Limits of Scope: The scope of the Care Provision Domain is also limited by its focus on Care Provision Act, "an HL7 Act that describes "the responsibility for supplying support to the target of care."
The Care Provision Domain is not intended to represent all the information communicated by systems that originate detailed pertinent information such as observation data or person registration data. The domains that support communication from these data generating systems tend to supply much more detail regarding the complex data context within which the data was generated. In that spirit, the intention of the Care Provision Domain is to communicate the instance identifiers and meta data for these granular instances of data such that the receiving system has enough information to query sending systems for more detail on specific items of pertinent information (assuming the sending systems support queries and instance identifiers).

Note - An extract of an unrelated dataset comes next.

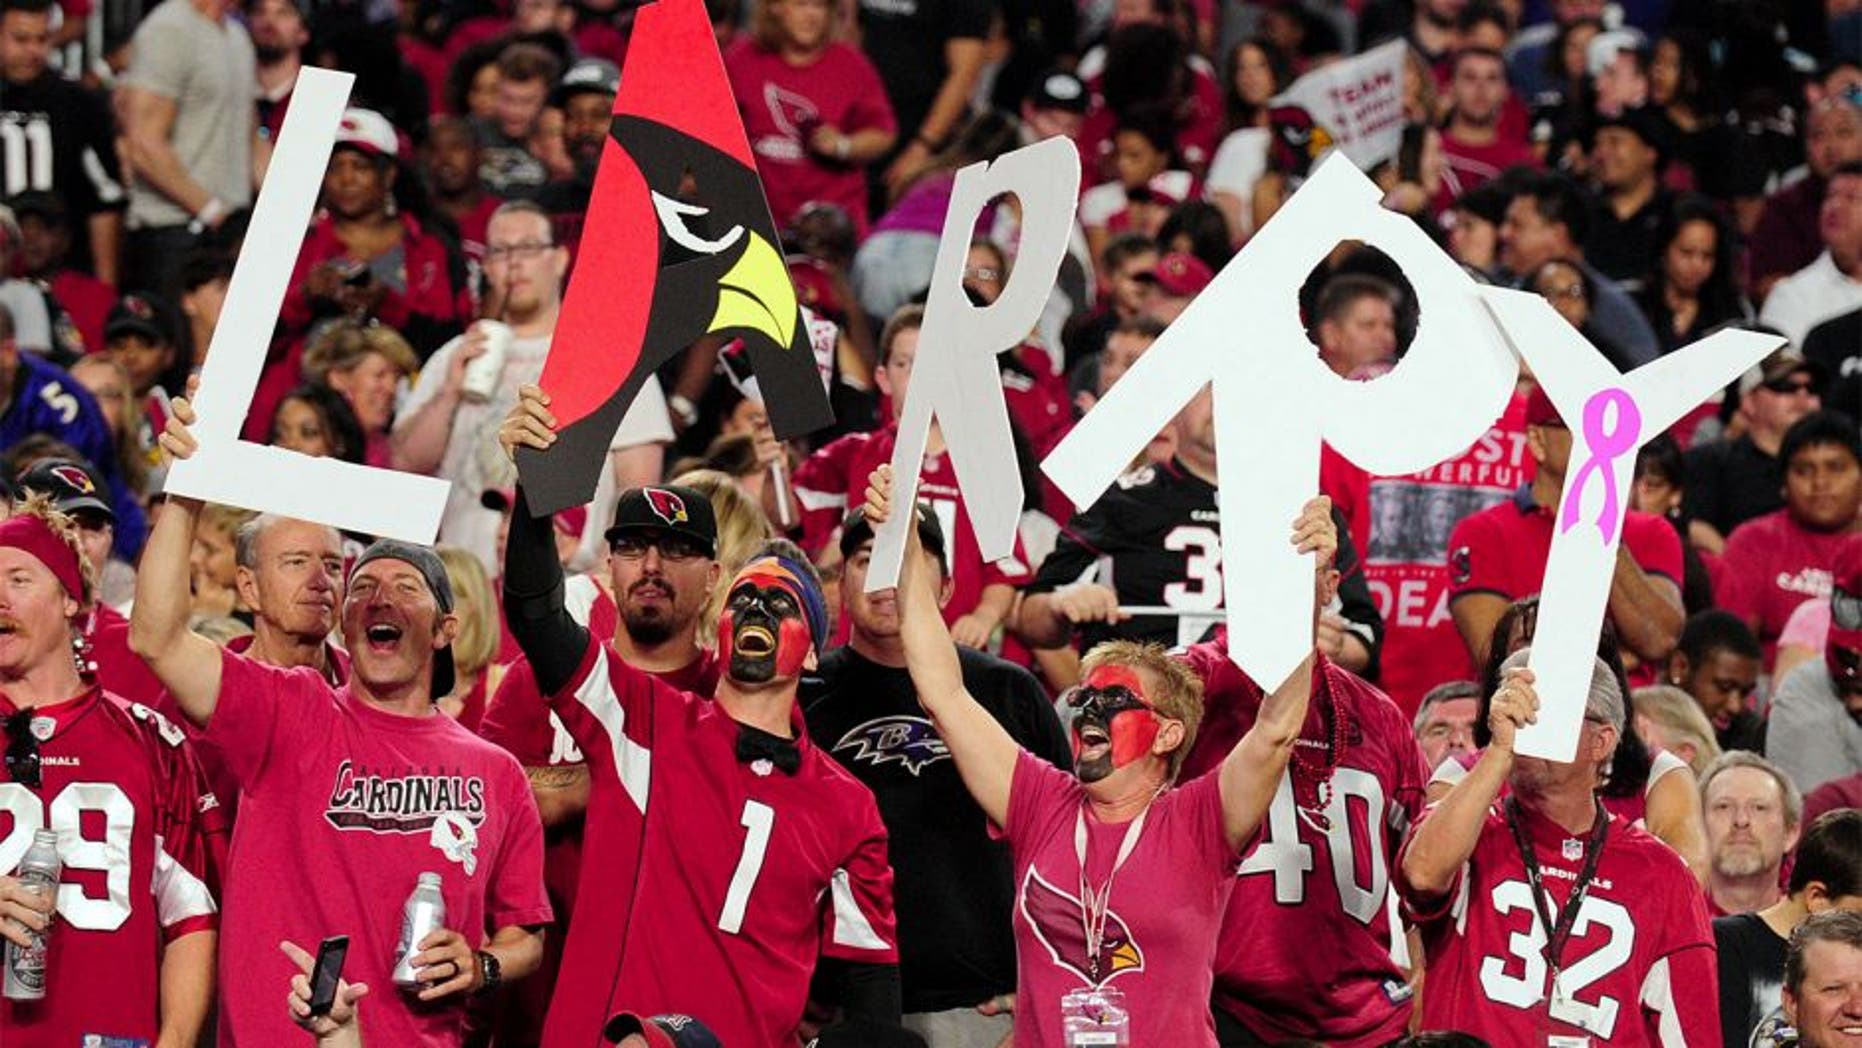 Oct 26, 2015; Glendale, AZ, USA; Arizona Cardinals fans cheers during the second half against the Baltimore Ravens at University of Phoenix Stadium. Mandatory Credit: Matt Kartozian-USA TODAY Sports

Readers: Please see the Glossary Section for terms important to the Care Provision Domain
Care Provision Domain Normative Ballot Guidance
All Topics under the Care Provision Domain area "Patient Care Infrastructural Topics" relate to implementation specifications.
In contrast, the "Patient Care Clinical Content Topics" focus on additional information in the Care Provision Domain that may be specified at RMIM development or at system runtime. These will increasingly be handled as templates in the infrastructural messages. Harmonization with the aHL7 Templates workgroup is ongoing.
Guidance to balloters on Provider Act Relationships: Further harmonization needs to occur on the specific structures, e.g. CMET's, used by various domains to describe the providers of care. The broad description of potential providers used in this domain needs to be able to be constrained to the providers supported by CDA, Patient Administration, and Personnel Management for patient-related use cases. The CMET's chosen for this domain are described in the CMET documents.